Aremu Olaiwola Qudus (born 13 November 1993; professionally known as Director K and DK) is a Nigerian music video director. He has worked with artists of several musical genres including  Wizkid, Skepta, Davido, Burna Boy and many others, winning 2020 The Headies Award for best music video of the year.

Early life
Aremu Olaiwola Qudus was born on 13 November 1993, in Lagos State, Nigeria. Hails from Kwara State being born into a polygamous family. He choose to pursue a formal education in Creative Arts at Yaba College of Technology in Lagos.

Career

Director K began his career back in 2015 when he shot a music video out of curiosity with an iPhone.
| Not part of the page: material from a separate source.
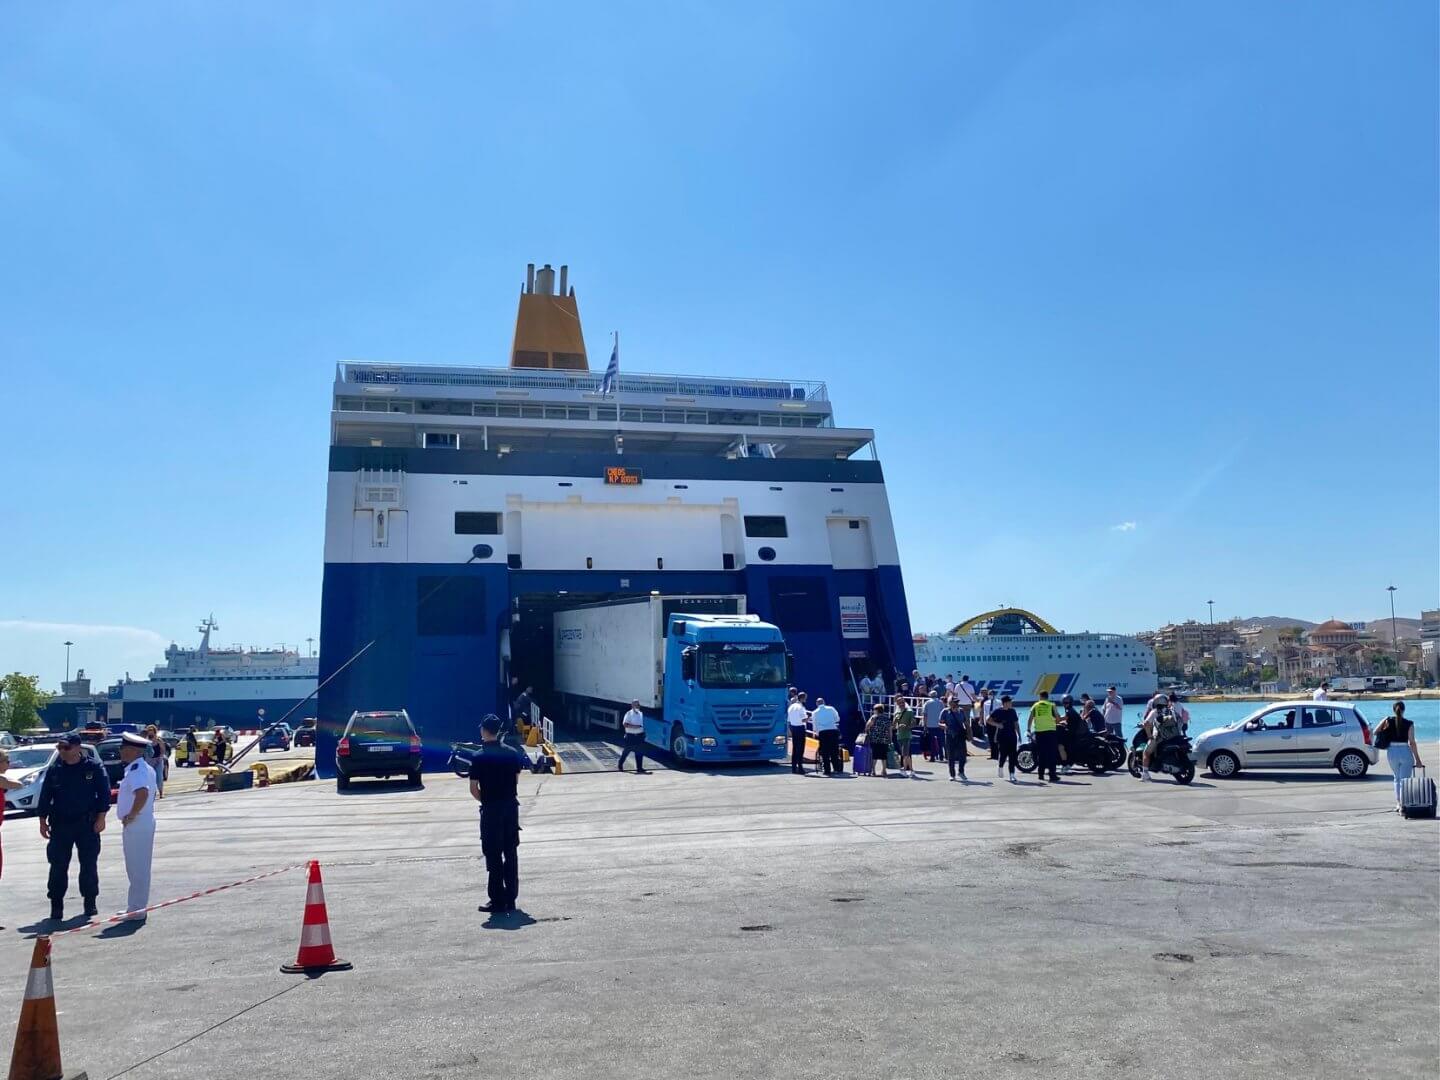 Passengers and vehicles being loaded onto a Blue Star ferry at Piraeus Athens

In 2018, Director K  directed the music video for Case by Nigerian musician, Teni and followed  by directing the music video for Skiibii's hit single Sensima.

In 2019, he co-founded PriorGold Pictures media and production services company focused on music videos, creative visuals, and television.
 
In 2020, Director K directed Wonderful by Burna Boy, and Suzannah by Sauti Sol, which got him two Best Music Video nominations at 2020 Afrimma Awards. He went on to direct "1 Milli" by Davido that won Best Music video at the  2020 The Headies Award.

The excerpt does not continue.